My date canceled at 2pm – for tonight. And I was overjoyed. I know I should have been disappointed, that I should have been looking forward to this date all week because he’s been so interested in me. Nope, I was overjoyed. I no longer was filled with my Saturday afternoon dread of the evening ahead. I no longer had to look forward to what I affectionately call “wardrobe trauma.” I got to reach for my favorite outfit – a tank top and sweats. Goodbye bra and heels! See you next Saturday – maybe.

So I happily stretched out on the couch and rented the movie “Yes Man.” Yes, it was dumb, and I still hate Jim Carrey, but it got me thinking… I’m going to be a Yes Woman.

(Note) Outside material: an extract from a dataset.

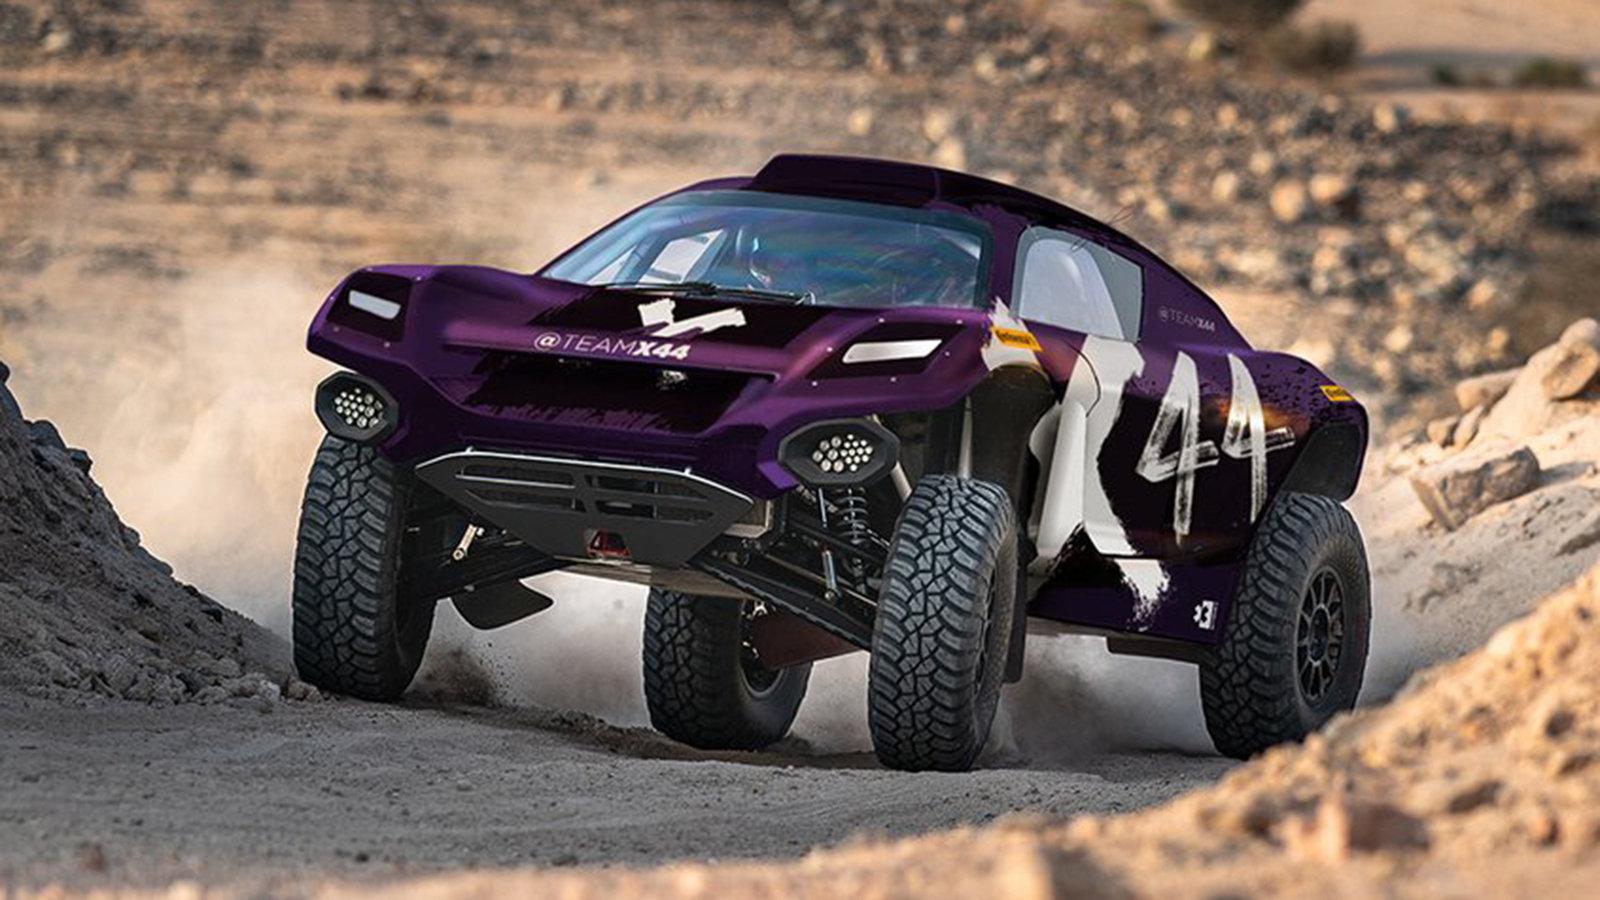 Lewis Hamilton reveals his Severe E auto racing group, X44

How hard can it be? Especially since I think I almost always say yes all the time already. Mostly to things I probably shouldn’t say yes to.

So now I’m just going to say yes to everything else – like going out. That is definitely something I say no to. Because truthfully, I hate going out. I would rather stay home every night by myself. Thus, my current predicament. Okay, yes to going out. Let’s see, what else… Yes to dates. Hmm, I think I already say yes to those. Yes to sex. Duh. Yes, yes, yes. And when that guy asks if he can help me out with my groceries? Yes. “Do you want air freshener in your car?” Sure. Well, not really, but okay. And when someone wants to take me to the airport? Yes, thanks, that would be great. Oh wait, no one offers.

The one thing I won’t be saying yes to? That would be spending the day with my photographer friend to watch him take engagement photos of someone tomorrow. Hell, no.

But… yes to everything else.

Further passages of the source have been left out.